定义完提示后，我们只需将提示、模型和输出解析器串联在一起：

chain = prompt | model | parser
chain.invoke({"query": query})

People(people=[Person(name='Anna', height_in_meters=1.83)])

查看相关的 Langsmith trace。

注意，模式在两个地方出现：

在提示中，通过 parser.get_format_instructions()；
在链中，以接收格式化的输出并将其结构化为 Python 对象（在这种情况下，是 Pydantic 对象 People）。

自定义解析

如果需要，可以使用 LangChain 和 LCEL 轻松创建自定义提示和解析器。

要创建自定义解析器，请定义一个函数，将模型的输出（通常是一个 AIMessage）解析为您选择的对象。

请参见下面的 JSON 解析器的简单实现。

import json
import re
from typing import List, Optional

from langchain_anthropic.chat_models import ChatAnthropic
from langchain_core.messages import AIMessage
from langchain_core.prompts import ChatPromptTemplate
from langchain_core.pydantic_v1 import BaseModel, Field, validator


class Person(BaseModel):
    """关于一个人的信息。"""

    name: str = Field(..., description="这个人的名字")
    height_in_meters: float = Field(
        ..., description="这个人的身高，以米为单位。"
    )


class People(BaseModel):
    """文本中所有人的身份信息。"""

    people: List[Person]


# 提示
prompt = ChatPromptTemplate.from_messages(
    [
        (
            "system",
            "回答用户查询。将您的答案输出为与给定架构匹配的 JSON：```json\n{schema}\n```. "
            "确保将答案用 ```json 和 ``` 标签包裹起来",
        ),
        ("human", "{query}"),
    ]
).partial(schema=People.schema())


# 自定义解析器
def extract_json(message: AIMessage) -> List[dict]:
    """从字符串中提取 JSON 内容，该字符串中 JSON 嵌入在 ```json 和 ``` 标签之间。

    参数：
        text (str): 包含 JSON 内容的文本。

    返回：
        list: 提取的 JSON 字符串列表。
    """
    text = message.content
    # 定义正则表达式模式以匹配 JSON 块
    pattern = r"```json(.*?)```"

    # 在字符串中查找模式的所有不重叠匹配项
    matches = re.findall(pattern, text, re.DOTALL)
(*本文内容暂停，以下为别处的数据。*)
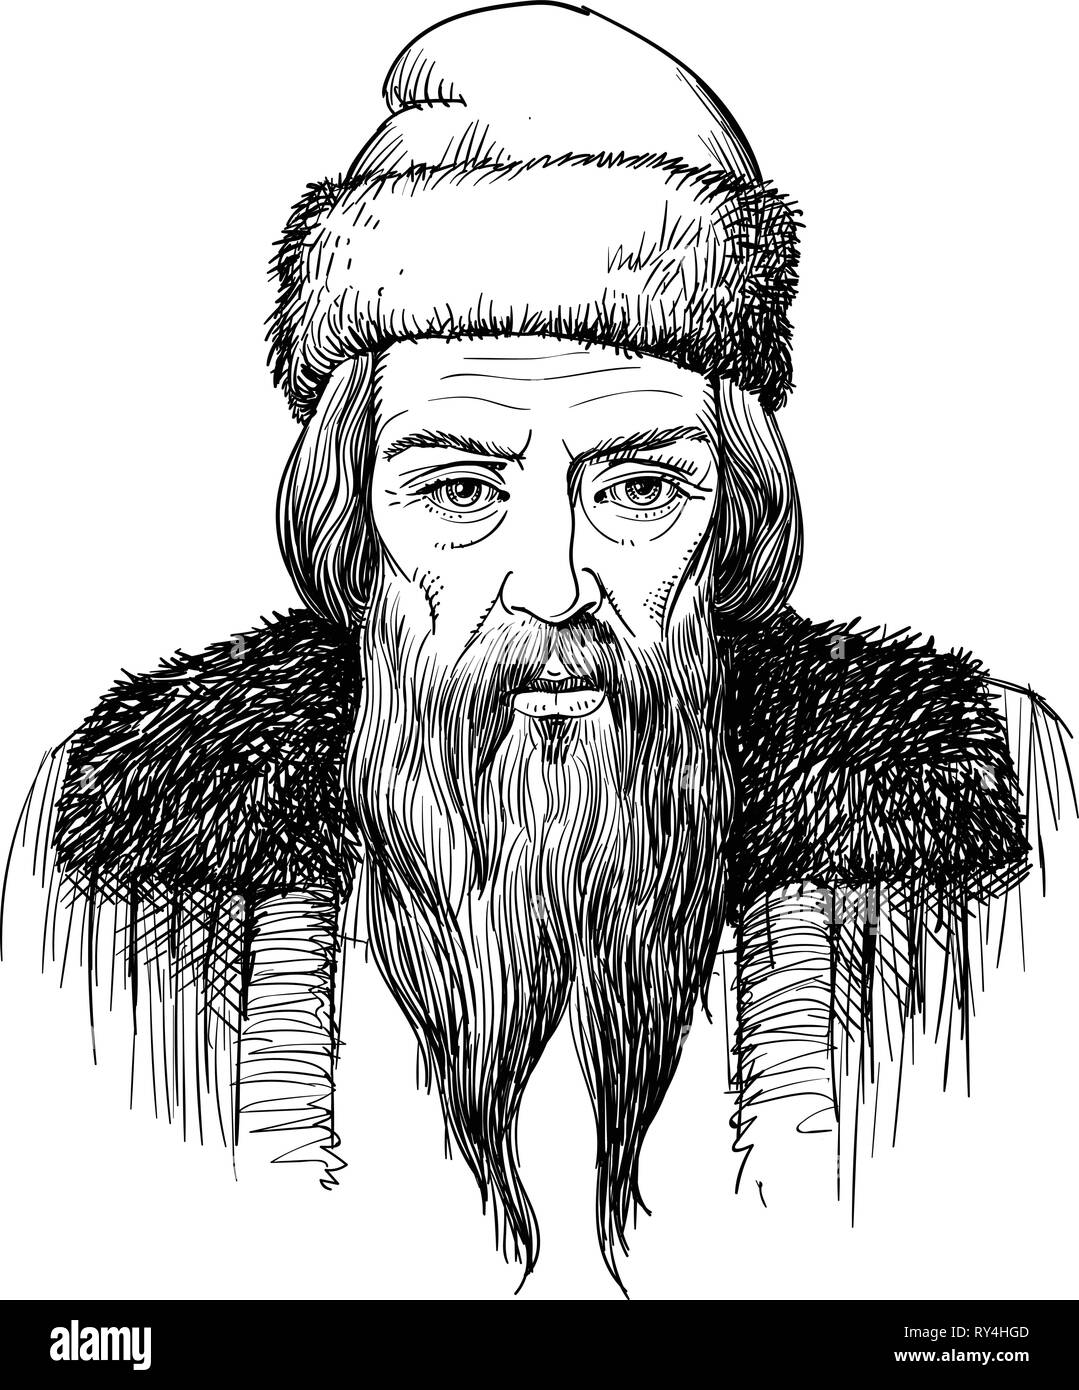 Johannes Gutenberg portrait in line art illustration. First printer, publisher of the first European Bible. Stock Vector
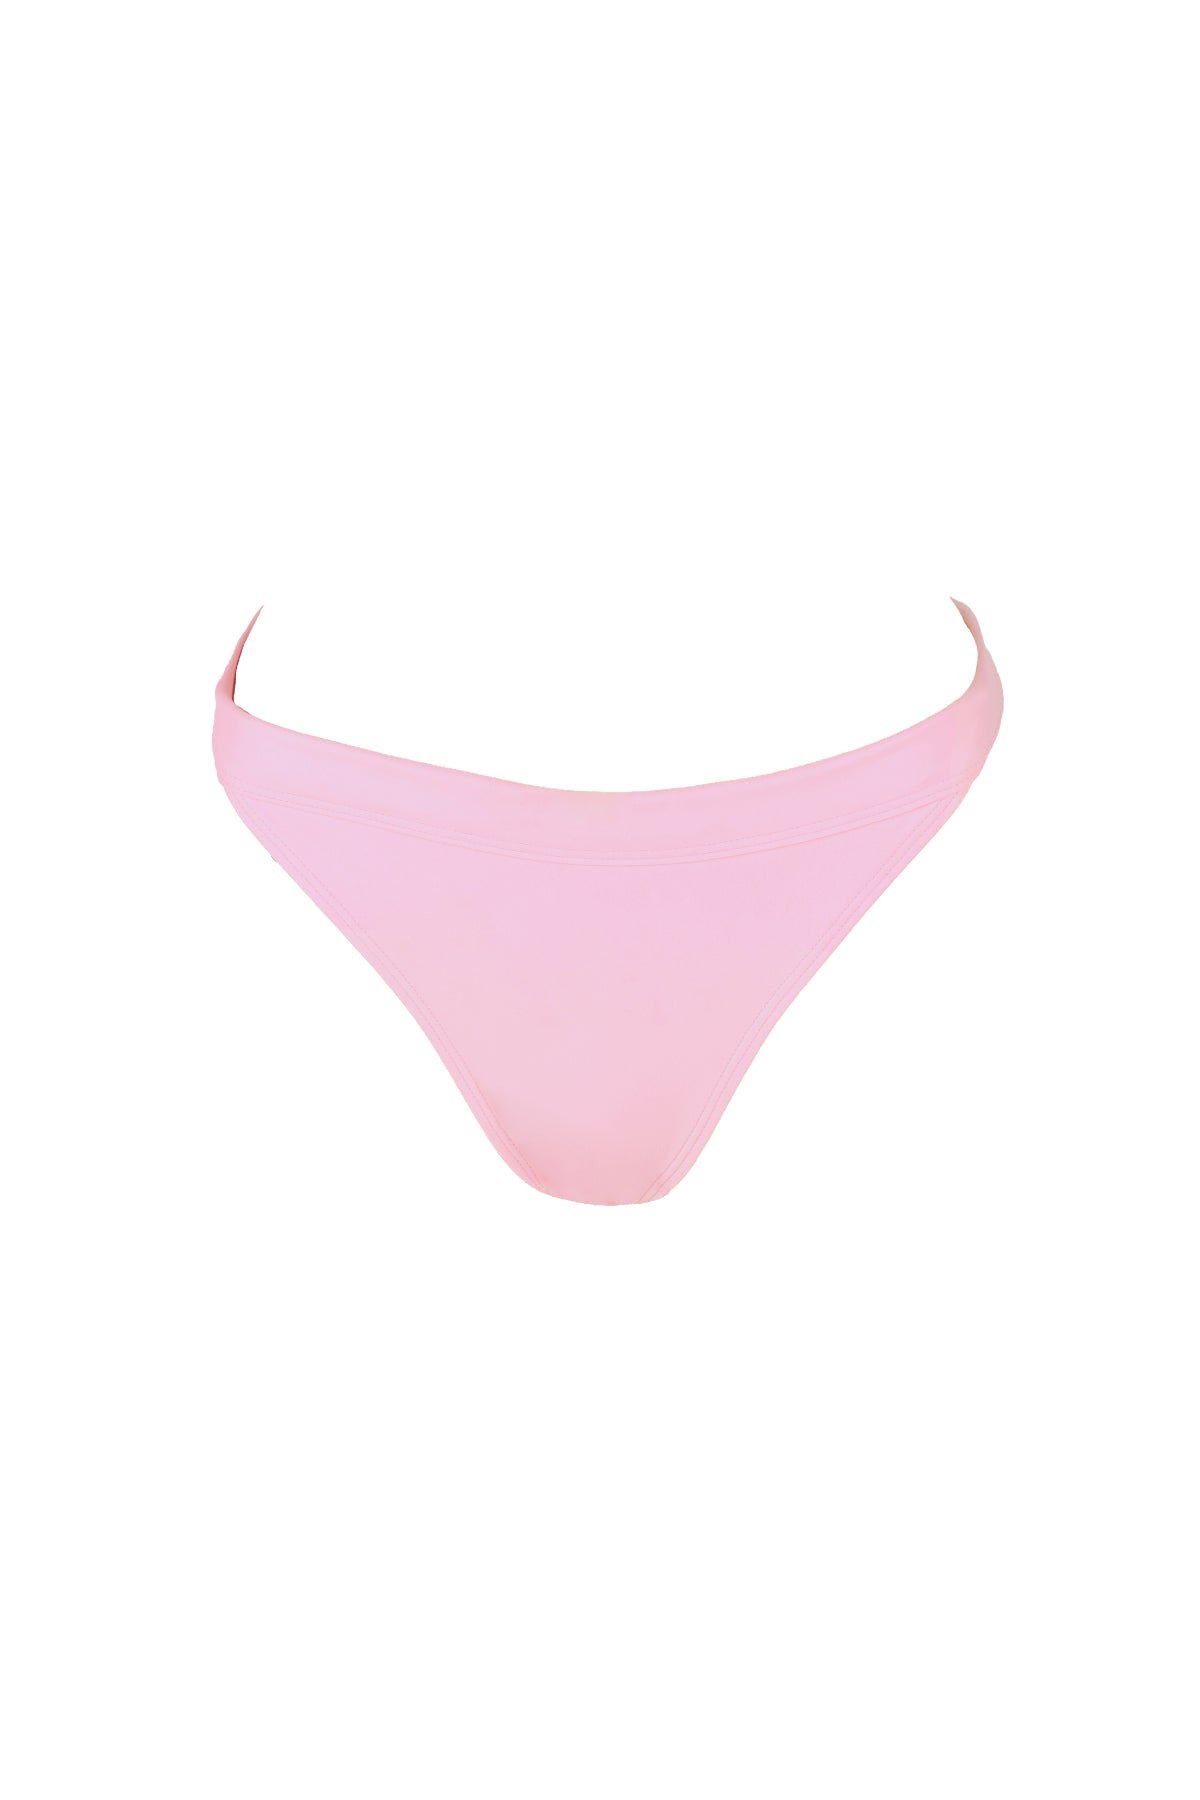 Hedy mid rise bikini bottoms in pink from luxury sustainable swimwear brand Koraru

    # 返回匹配的 JSON 字符串列表，去除任何前导或尾随空格
    try:
        return [json.loads(match.strip()) for match in matches]
    except Exception:
        raise ValueError(f"解析失败: {message}")

query = "Anna is 23 years old and she is 6 feet tall"
print(prompt.format_prompt(query=query).to_string())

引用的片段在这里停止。